O governo vai votar em regime de urgência o Projeto de Lei 6.427/2016, que retoma o pente-fino do INSS em auxílios-doença e aposentadorias por invalidez. O PL inclui ainda o pagamento do bônus extra de R$ 60 para os médicos-peritos por perícia. As regras do programa de revisão foram criadas pela Medida Provisória 739/16, que perdeu a validade na última sexta-feira.

Sem sessões no Congresso na semana passada, a MP editada em julho acabou caducando. Pelas regras legislativas, não é possível editar nova medida provisória com o mesmo teor e, para que as mudanças tivessem continuidade, só seria possível com a inclusão da proposta em um projeto de lei. E foi o que o Palácio do Planalto fez na sexta-feira: enviou um PL para dar continuidade ao pente-fino do INSS.

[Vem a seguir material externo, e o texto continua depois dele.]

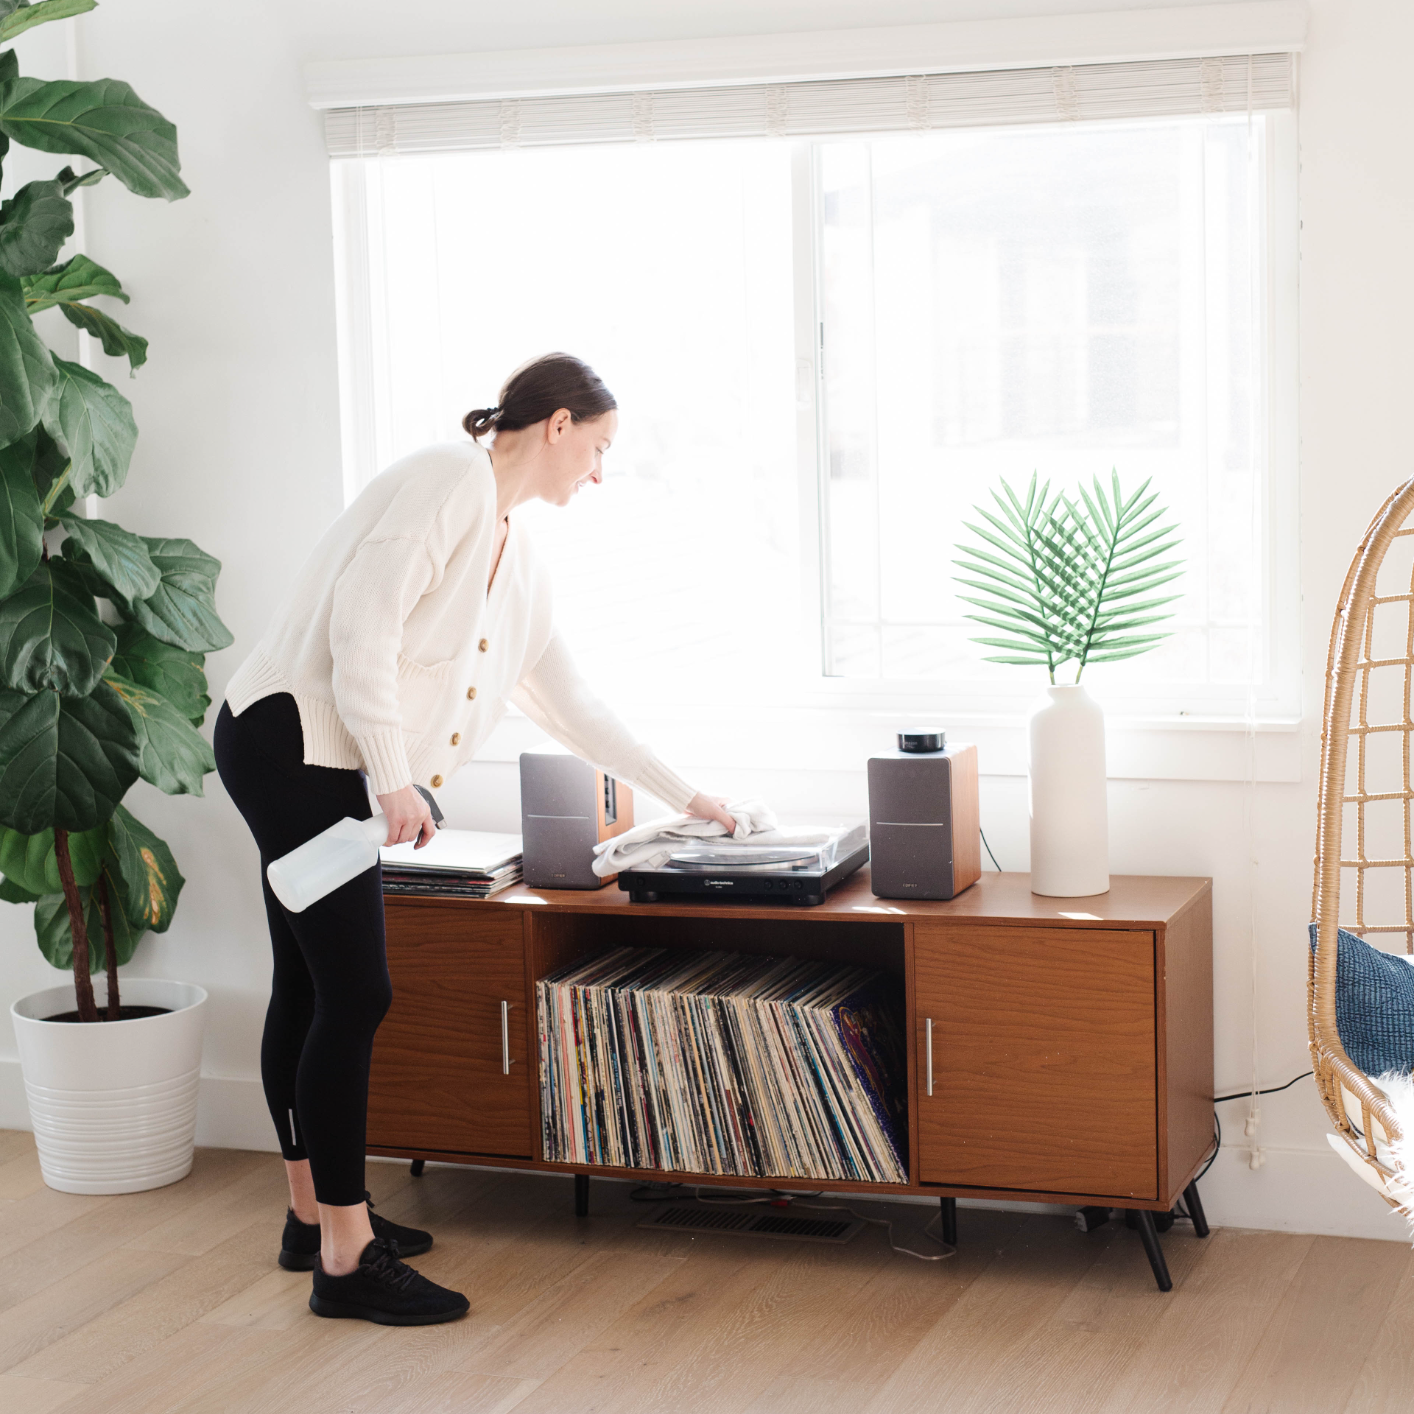 woman dusting a vinyl record player on a side table holding vinyl albums wondering how often to dust

Por conta disso, desde ontem todas as revisões estão suspensas. As 5,9 mil perícias agendadas entre os dias 7 e 25 deste mês serão reagendadas pelo próprio INSS, informou o Ministério do Desenvolvimento Social e Agrário.

O governo espera retomar o pente-fino até o fim do mês. E no que depender do empenho do presidente da Câmara, Rodrigo Maia (DEM-RJ), o projeto de lei será votado ainda esta semana. Hoje Maia vai se reunir com líderes na Câmara para convencê-los a votar a urgência do projeto em Plenário o mais breve possível. Com isso o PL não precisa tramitar em comissões, o que demandaria mais tempo.

“É fundamental para o país (a aprovação do projeto de lei) porque gera para o próximo ano economia de R$ 8 bilhões. Precisamos votar”, argumenta Maia.

De acordo com o ministério, desde que as revisões começaram, em setembro, foram feitas 20.964 perícias médicas. Desse total 16.782 segurados perderam o auxílio-doença e aposentadorias por invalidez. Ainda segundo o ministério, as ações geraram uma economia de R$220 milhões para o Fundo da Previdência.

Ações contra o pente-fino

A medida tem sido duramente criticada e questionada pelo Ministério Público Federal (MPF) e pela Defensoria Pública da União (DPU). Os dois órgãos chegaram a ingressar com recomendações e pedidos na Justiça para pedir a suspensão das revisões dos benefícios. Uma petição do INSS foi incluída na ação que tramita no TRF-1, em Brasília.

Na última sexta-feira, a Advocacia-Geral da União (AGU) chegou a pedir anulação do processo judicial por entender que, com o término da validade da MP 739, o objeto da ação se torna nulo.